Он постучал по борту экипажа:
– Трогай.
Ив ожесточил свое сердце, стараясь забыть мольбы русалки и просьбы своей сестры. Полночь принесет Шерзад смерть. Он не мог избавить от гибели морскую тварь, не мог избавить от горя или от упрямой, безумной причуды сестру, он мог спасти лишь себя.
«Если я угожу его величеству, – думал он, – то его величество прикажет мне продолжить исследования. Если я разгневаю его величество, то утрачу его покровительство и проведу следующий год, а может быть, и следующие десять лет или даже остаток жизни в монастырской келье, читая трактаты о нравственности».
Если прежде он сомневался, то ныне полностью отдавал себе отчет в том, что Людовик Великий, христианнейший король, обладал властью, превосходящей даже мирскую власть папы римского. Не важно, что его влияние уменьшилось из-за войны и голода, не важно, что ни Карусель, ни русалка не вернут ему утраченную юность. Людовик, даже клонящийся к закату, по-прежнему затмевал любого принца в зените славы.
«Вот если бы я мог сделать его величество бессмертным, – размышлял Ив, – или убедить его в том, что даровал ему бессмертие…»
Череда карет подъехала к фасаду дворца и остановилась в Министерском дворе, напротив Мраморного двора.
Мраморный двор совершенно преобразился для представления. Театральные машины, призванные изобразить море, поднимали в глубине сцены золотисто-голубые волны, а над ними нависали пышные облака. Тысячи свечей превращали сумерки в ясный день. Гобелены золотисто-голубых оттенков скрывали окна и двери дворца. Месье де ла Ланд дирижировал каким-то аллегро.

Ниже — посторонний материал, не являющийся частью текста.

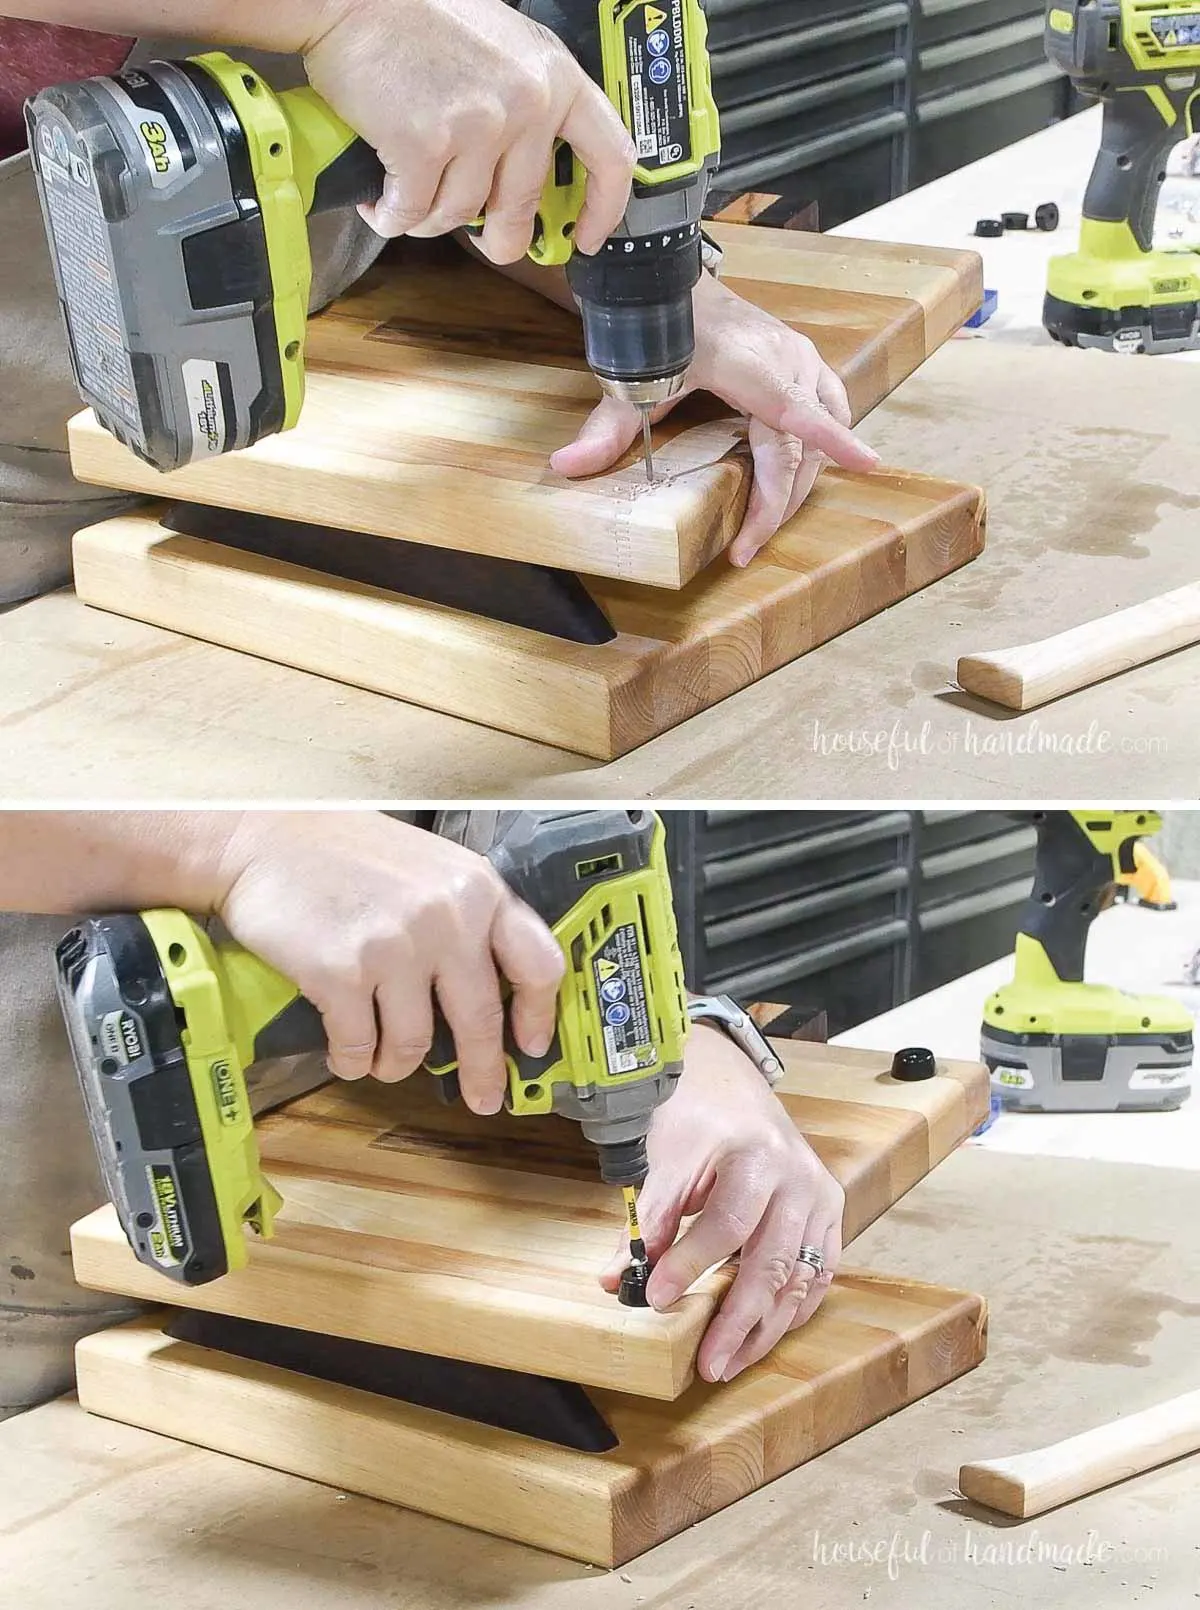 Attaching cutting board feet to the bottom of the wood tortilla press.

– Где месье Гупийе? – прошептала Мари-Жозеф.
– Вы не слышали? – спросила Лотта. – Такой скандал, король его уволил!
– Но он же не… Он не…
«Конечно, – мучимая чувством вины, думала Мари-Жозеф, – он оскорбил меня, но я не пыталась ему отомстить, не пыталась его изгнать, не надо было рассказывать графу Люсьену…»

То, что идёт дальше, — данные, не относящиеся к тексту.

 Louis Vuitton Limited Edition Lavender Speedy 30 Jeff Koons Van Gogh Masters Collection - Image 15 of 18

– Он убедил месье Демаре написать несколько мотетов, а потом присвоил авторство себе! Его величество не простил подобного обмана!
Чувство вины, охватившее было Мари-Жозеф, сменилось смущением. «Дурочка, – укорила она себя, – неужели ты могла подумать, будто его накажут за нанесенное тебе оскорбление?»

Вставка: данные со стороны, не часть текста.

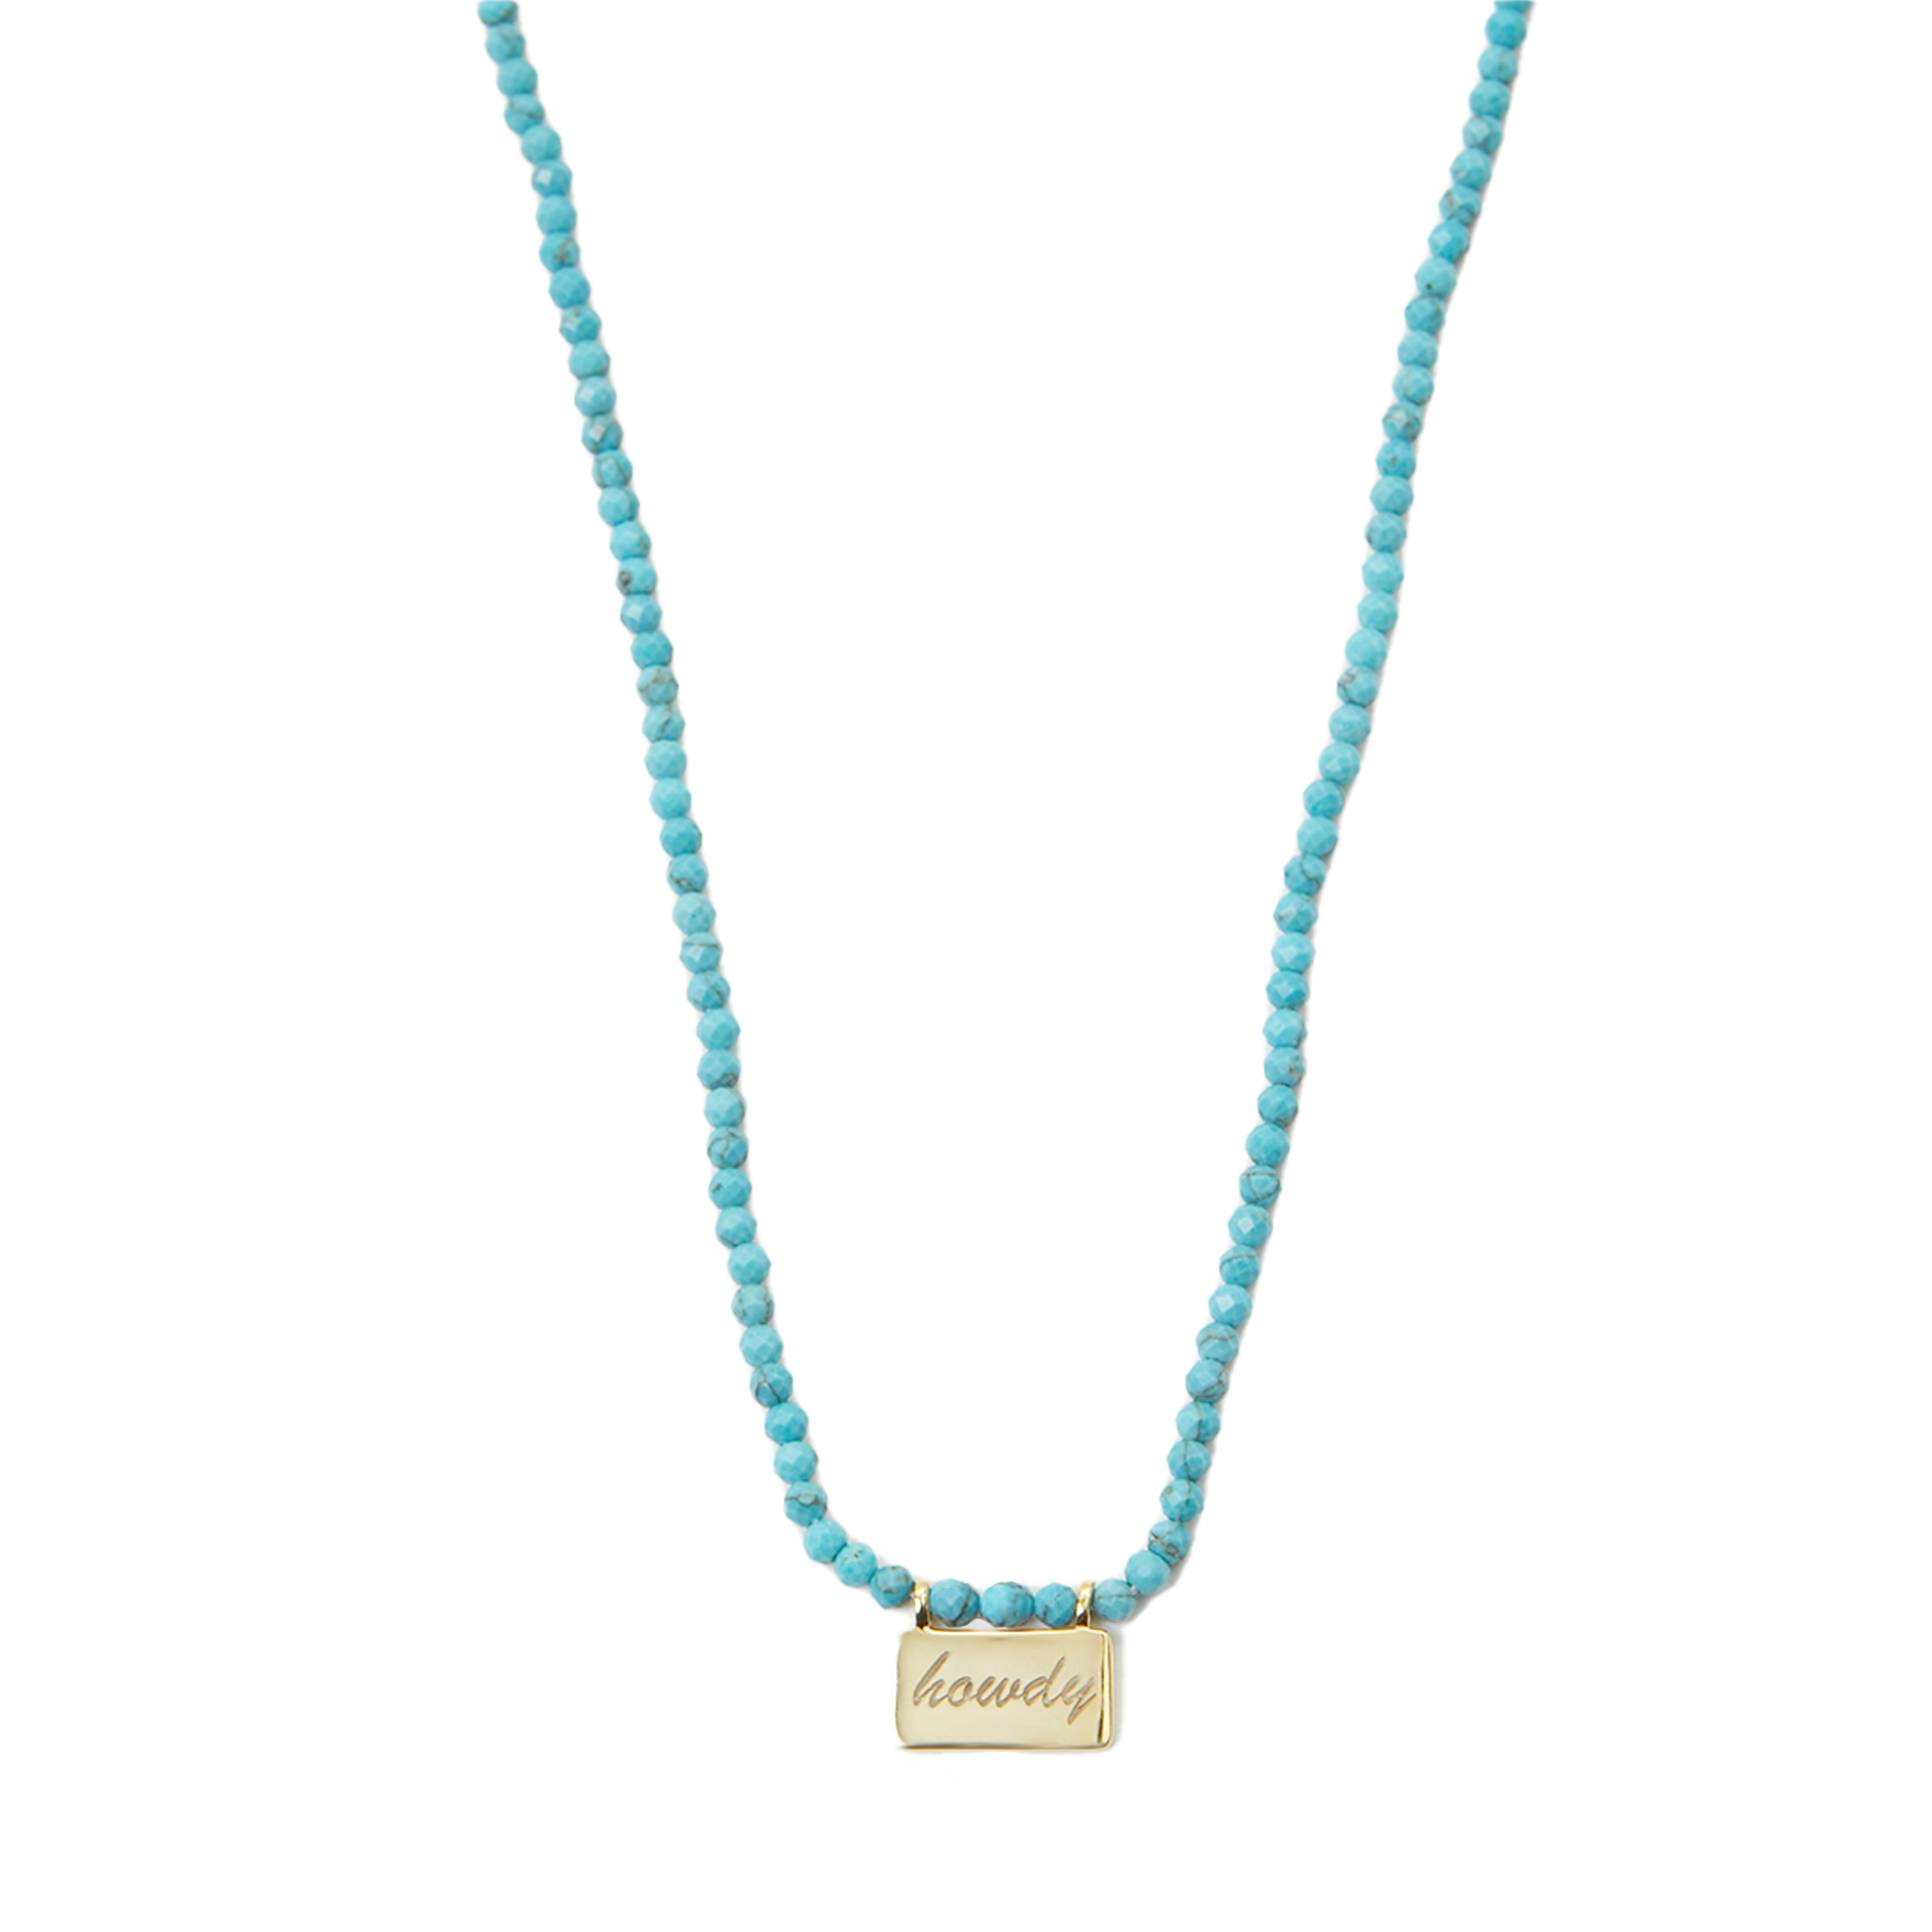 THE TURQUOISE HOWDY NECKLACE

Пьеса, исполняемая камерным оркестром, зазвучала зловеще и мрачно, но вскоре окрасилась мажорными тонами: это юный Доменико Скарлатти заиграл на клавесине переложение ее кантаты; оно должно было сопровождать балет.
Мари-Жозеф затаила дыхание.
Блестящее мастерство Доменико вполне соответствовало чудесной музыке Шерзад. «Доменико неподражаем!» – подумала Мари-Жозеф. Он играл по памяти, ведь партитура осталась у нее в ящике для живописных принадлежностей.
Мари-Жозеф закрыла глаза. Перед ее внутренним взором возникла сцена охоты инквизиторов на морских людей.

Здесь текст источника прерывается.